Mike concluded that Corbyn’s office was right not to pay any attention to Clinton’s comments.
I think that Mike’s been a bit too generous to Bill Clinton. Yes, he was speaking at a time when his wife was competing against Bernie Sanders, the most left-wing member of the Democrat party. Sanders is a self-declared democratic Socialist, just as Corbyn is seen as far left in the Labour party. Actually, this isn’t accurate. Corbyn is centre left old Labour.
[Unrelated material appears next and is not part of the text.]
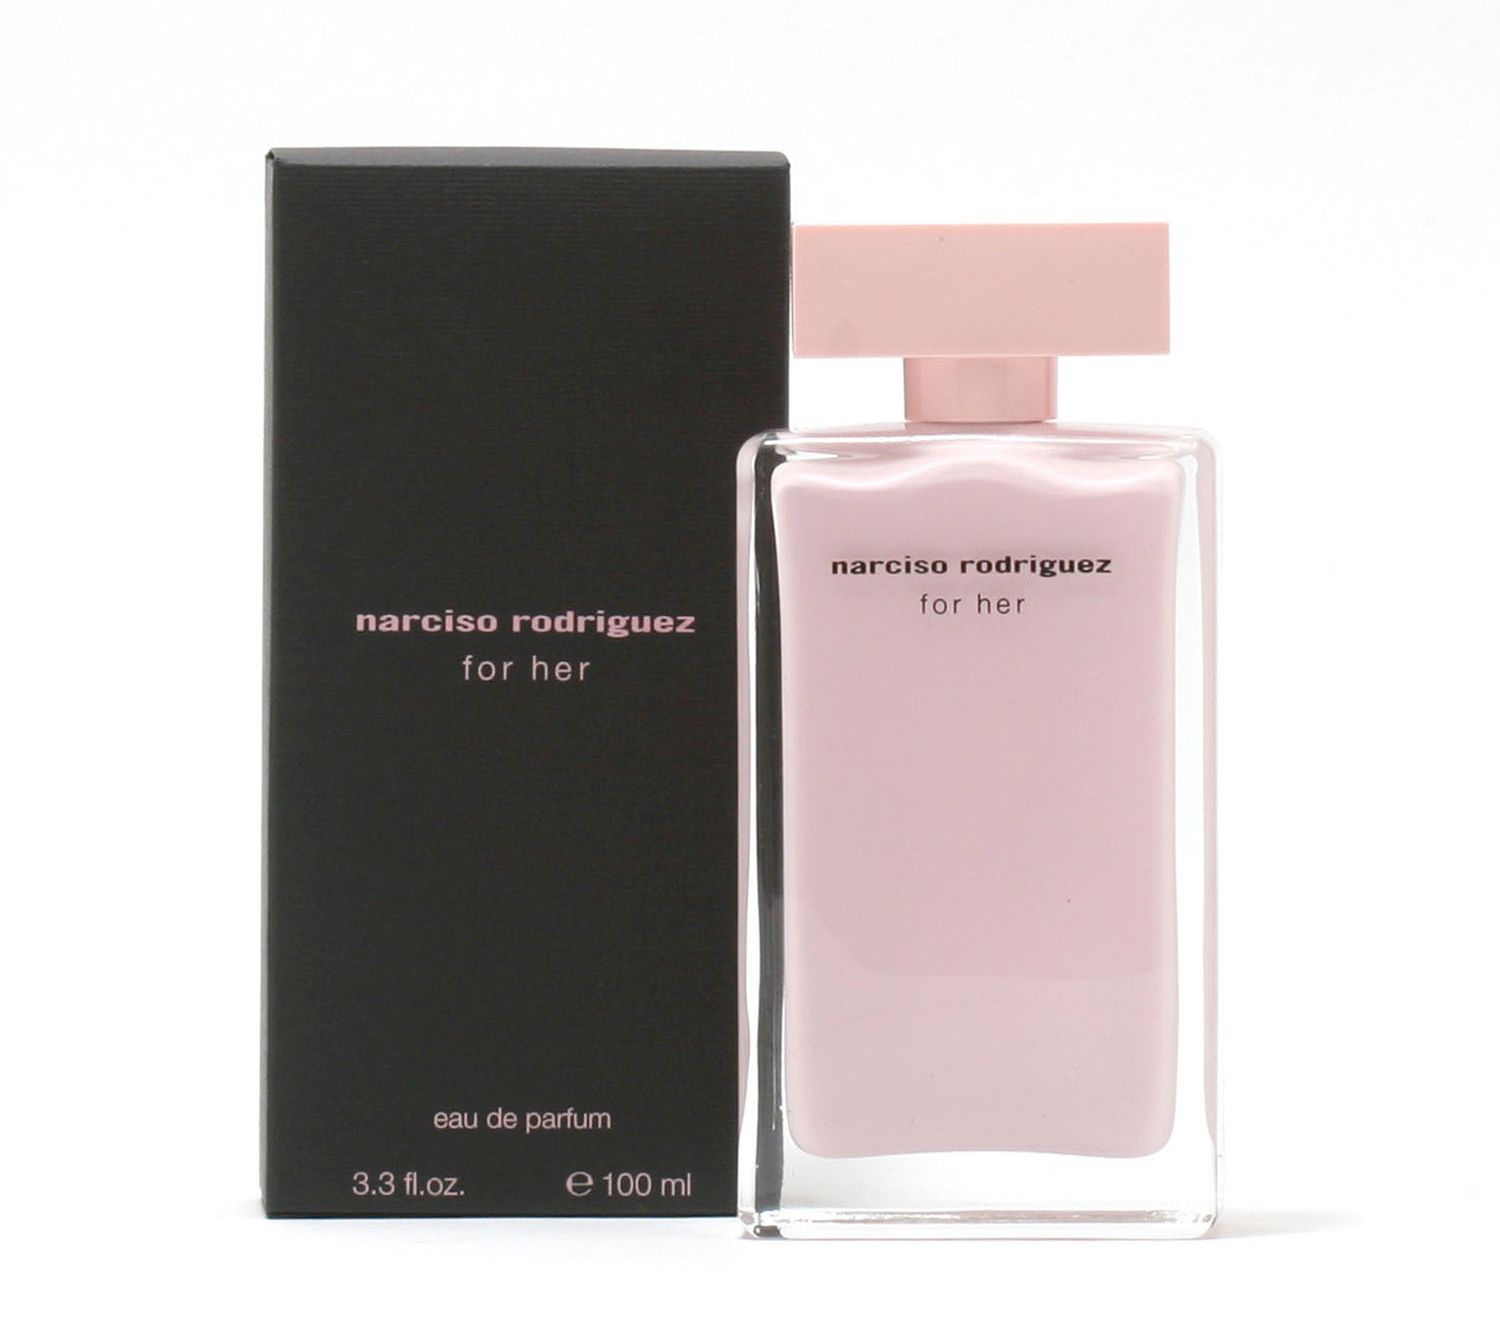 Her Narciso oz For De Parfum Spray,3.3-fl Rodriguez Eau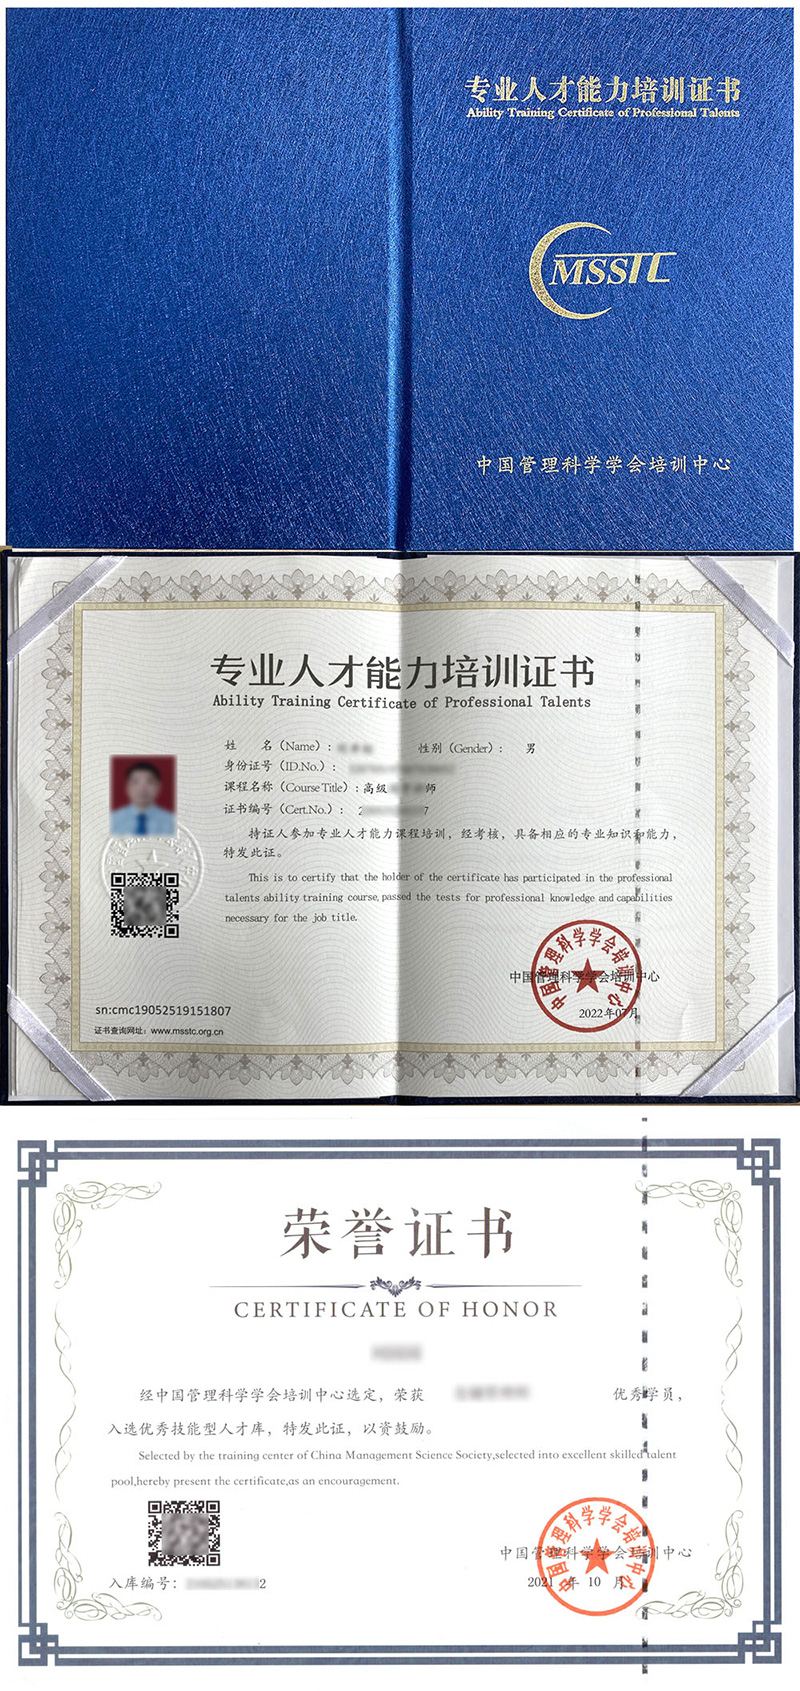 中国管理科学学会培训中心 专业人才能力培训证书 汽车连锁服务店长证证书样本

He isn’t a Trotskyite at all, no matter what the Blairites and their media enablers scream at the public.
But even without Sanders, Corbyn would be well to the Left of the Clintons, and I don’t doubt for a single moment that the former president despises both Corbyn and Ed Miliband, along with Sanders, for the threat they posed to the transatlantic electoral strategy he and Tony Blair had formed for their respective parties. Blair modelled his ‘New Labour’ on the ‘New Democrats’ Clinton formed within the American Democrat Party. After losing to Reagan and then to George Bush senior, Clinton took over many of the Republican’s policies in order to win over their voters. He therefore declared that his party was going to end ‘welfare as we know it’, and put forward the same neoliberal policies Reagan had pursued in the Republicans.
And the same strategy was put into practise over here by Blair. Blair ditched Clause 4, the article in the Labour party constitution which committed it to socialism. He carried on the Tories’ policy of privatising whatever remained of the state sector, including the NHS. And like the Tories, the American Republicans and Clinton’s New Democrats, New Labour was also determined to cut down the welfare state. Hence the introduction of the work capability test, taken from the ideas of an American medical insurance firm, and administered by Atos, in order to satisfy the Conservative desire to see more people thrown off benefits and into poverty.
I’ve said that Blair and New Labour are Thatcherite entryists. They’ve been pursuing right-wing, Tory policies, despite the fact that they belong to an historically left-wing party. Blair’s tactic was all about convincing the establishment – business, the banks and the press – that Labour was now thoroughly neoliberal and economically orthodox, and so would form a responsible government. In other words, one that would do everything the upper classes wanted.
Hillary Clinton in her own way was even more ‘establishment’. She made hundreds of thousands of dollars from giving speeches to Wall Street bankers, and was as corrupt and corporatist as the other American politicians, for all her claim that she was somehow an outsider because she was female. In the 1990s she briefly supported free universal healthcare and education, before she then started receiving donations from the medical insurers and other big corporations. She and the head of the Democrat Party, Debbie Wasserman Schultz, stole the nomination from Bernie Sanders, just as the Blairites in the Labour party tried everything in their power to stop Corbyn being elected as leader. And that includes purging voters from the rolls. Faced with Trump being nominated as their presidential candidate, many leading Republicans threw in their lot with Shrillary. She tried to make a show of supporting organised labour and American working people with a speech to an audience of trade unionists, in which she pledged to support them. But the damage was done. The left-wing Democrat base knew that she had betrayed them, and that her promises counted for nothing. Especially as American jobs were being harmed by the very free trade deals, the TPP, NAFTA and so on that she and Obama supported.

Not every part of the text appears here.